Это значит, она, Ийлэ, сегодня умрет.
Хорошо.
Она все-таки не сумела сдержать улыбку – слишком счастлива была
осознать, что скоро все закончится, действительно закончится – и
это тоже не осталось незамеченным.
– Чего скалишься? Бран, чего она скалится? – третий осторожен,
он держится хозяина, опасаясь вызвать его недовольство. И сейчас он
подбирается к Ийлэ боком, но в последний момент возвращается на
место, садится, чинно сложив руки на коленях.
– А пусть себе…
Бран вытягивает из кармана часы.
Отцовские.
Отец говорил, что делал их в подарок своему отцу, но не успел
отдать.
Платина. Драгоценные камни: лоза всех оттенков изумруда и
кровавый рубиновый терний. Никто не делает мозаики из драгоценных
камней, кроме отца.
Часы держат на платиновой цепочке. Они покачиваются. И новый их
хозяин постукивает по циферблату ногтем.
Звук резкий.
– Зачем она нам вообще…
– Затем, – он убирает часы в нагрудный карман. – Затем, что она
альва… правда, милая?
От стола до нее два шага, и Ийлэ замирает, прекращая жевать,
хотя у нее много еще осталось, и хлеба, и мяса, и даже яблока…

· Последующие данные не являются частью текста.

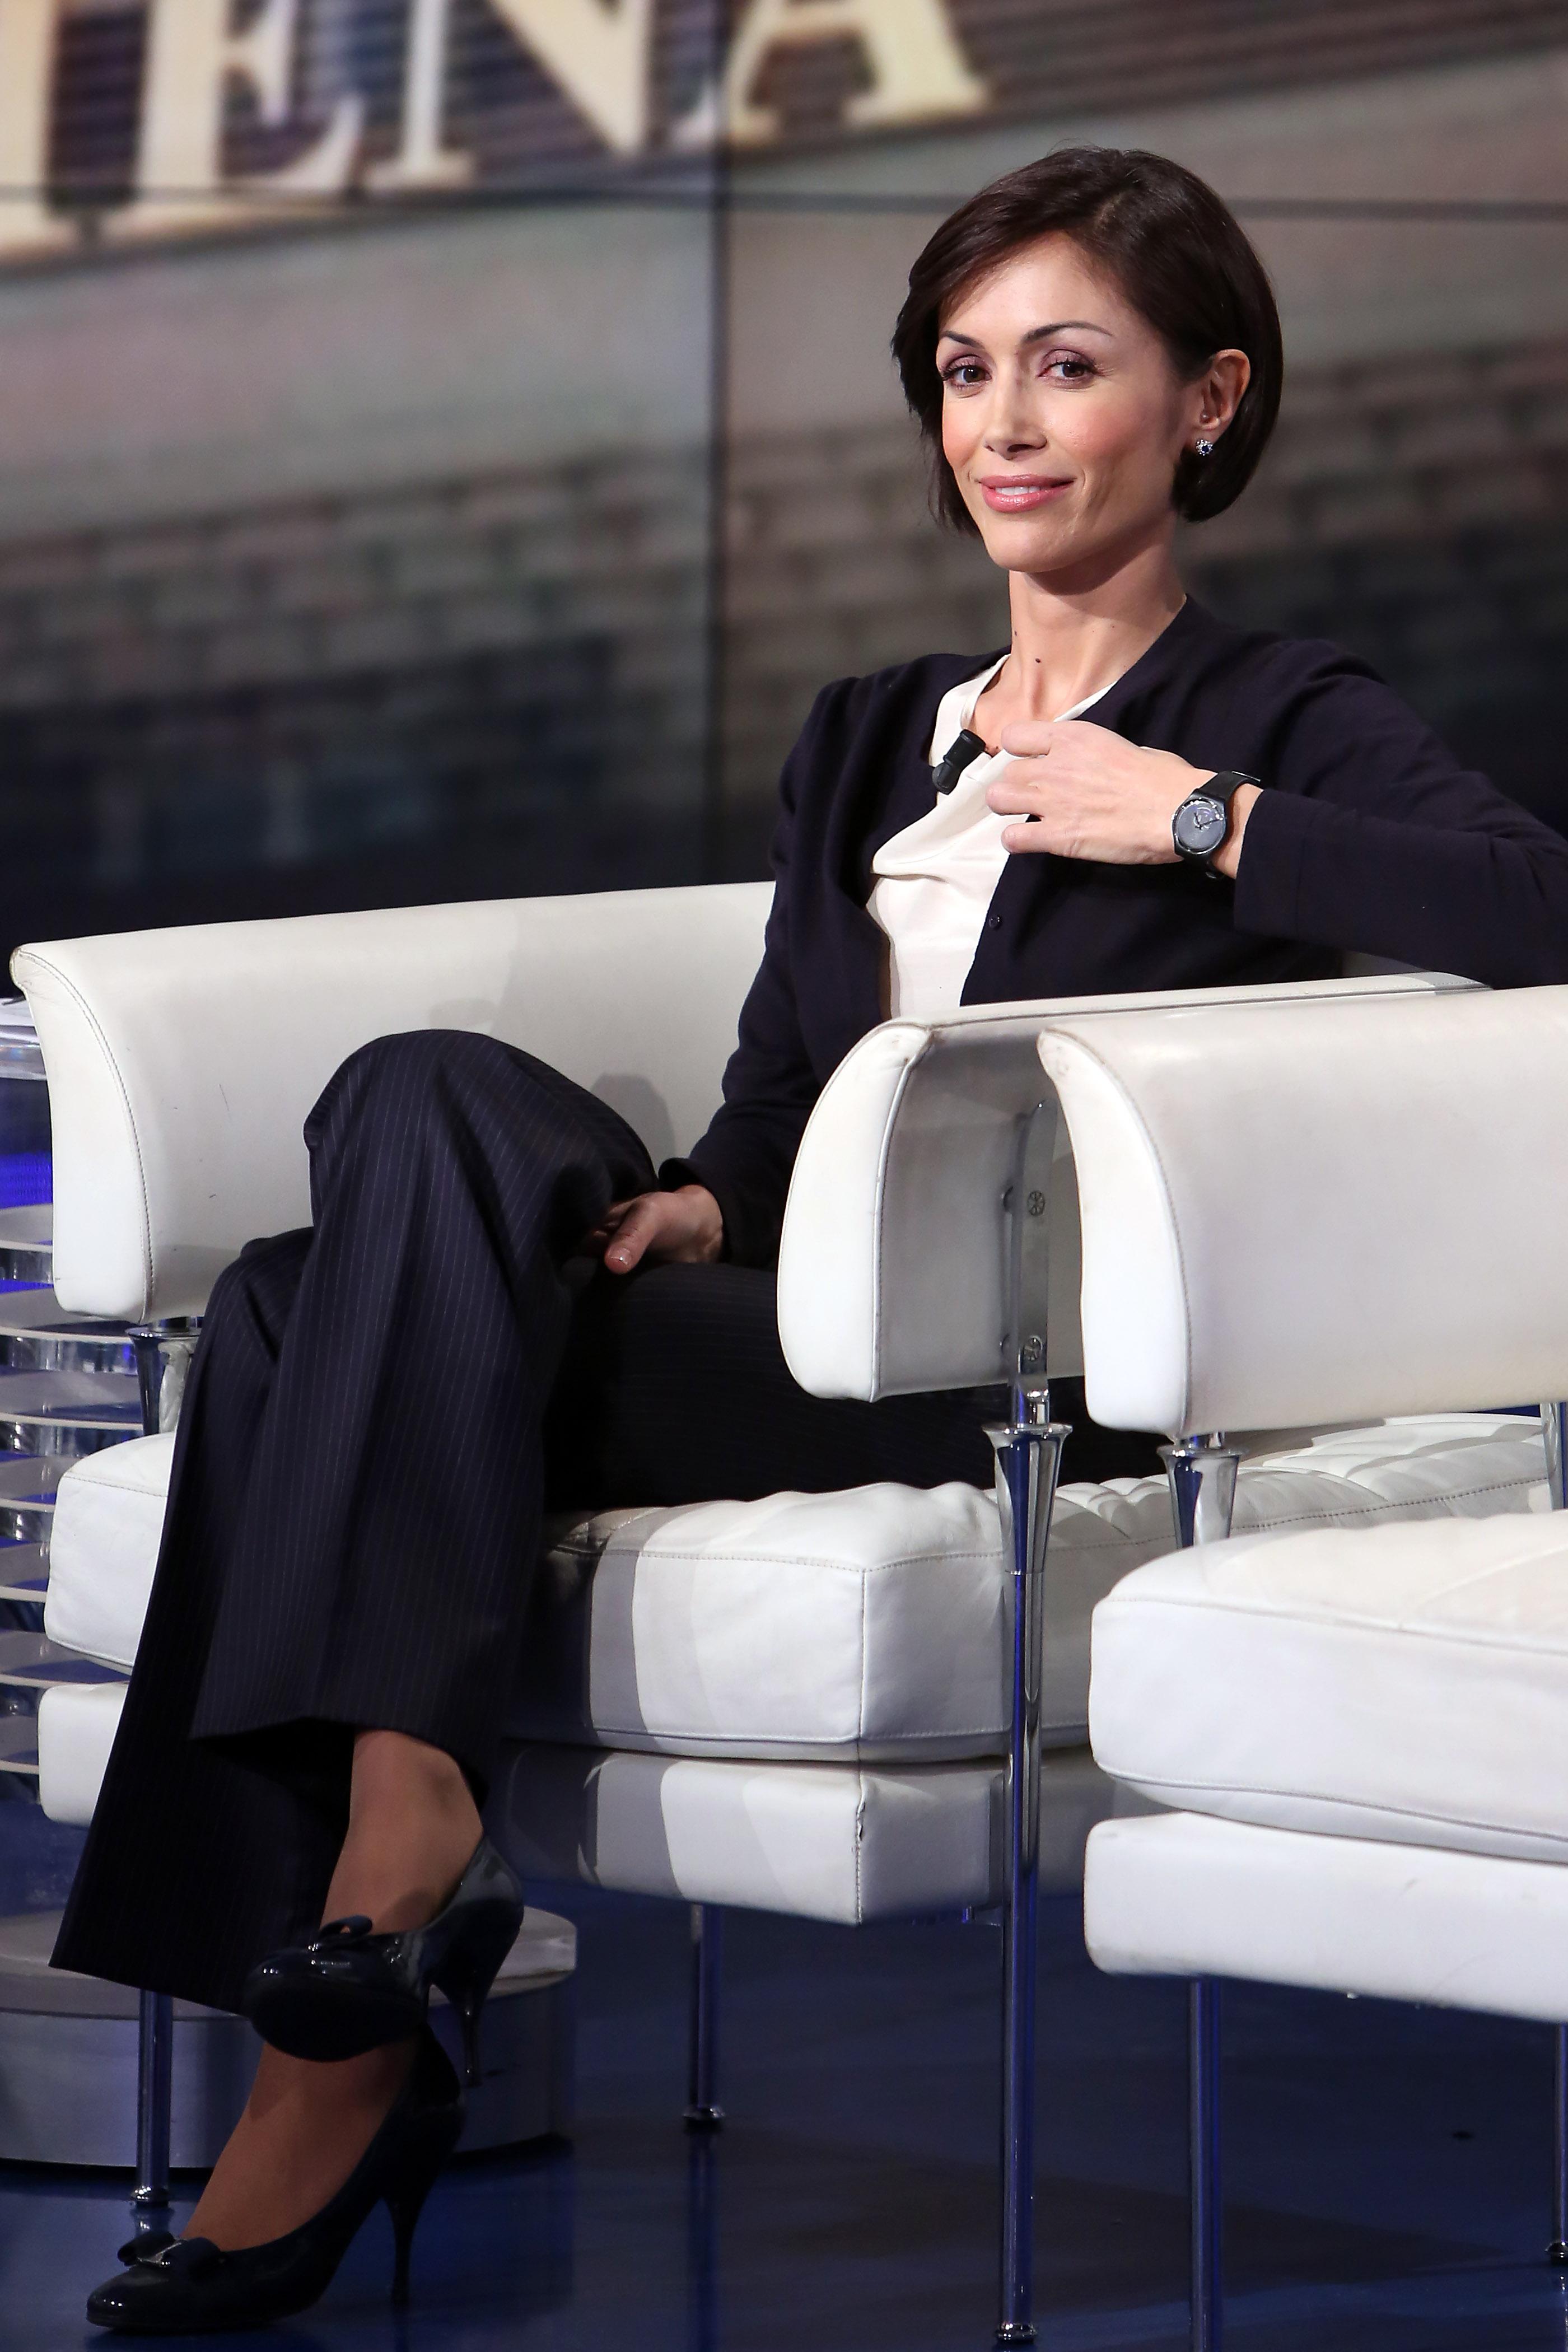 미스 이탈리아 6위, 전직 쇼걸, 모델 등 이력이 독특한 이탈리아 평등당 장관 마라 카르파냐. 그녀의 다분히 이탈리아적인 패션 스타일에 대하여.

– Альва… и дом этот альвийский… он спал, а теперь проснулся.
Он садится на корточки, все одно слишком большой.
Опасно близкий.
– И если сокровище спрятано в доме, то сами мы его не найдем, а
девочка нам поможет, – он протягивает руку, касается волос.
От прикосновения этого Ийлэ замирает.
– По-моему, мы это уже проходили, – второй смелеет, все-таки он
глуповат, постоянно нарывается, отступает и вновь нарывается.
Бран его убьет.
Ийлэ прикусила язык: она не хотела произносить это имя даже в
мыслях.
Особенно в мыслях: мысли последнее, что у нее осталось.
– Отказалась, – хозяин гладит, наслаждаясь ее страхом. – Но мы
простили ее… и сейчас просто попробуем еще один вариант…
– А если она опять…
Он поморщился.
Его раздражали эти вопросы, за которыми виделось недоверие к его
способностям.
– Нет. На этот раз все будет иначе. На этот раз нам не требуется
ее согласие… только кровь… ты ведь не откажешься, дорогая,
поделиться?
Будто у Ийлэ имелся выбор.
Он же наклонился, близко, к самому ее лицу, пытаясь поймать
ускользающий взгляд. И пальцы вцепились в подбородок, стиснули
больно.
Ноздри его раздувались.
А на щеках пролегли дорожки живого железа.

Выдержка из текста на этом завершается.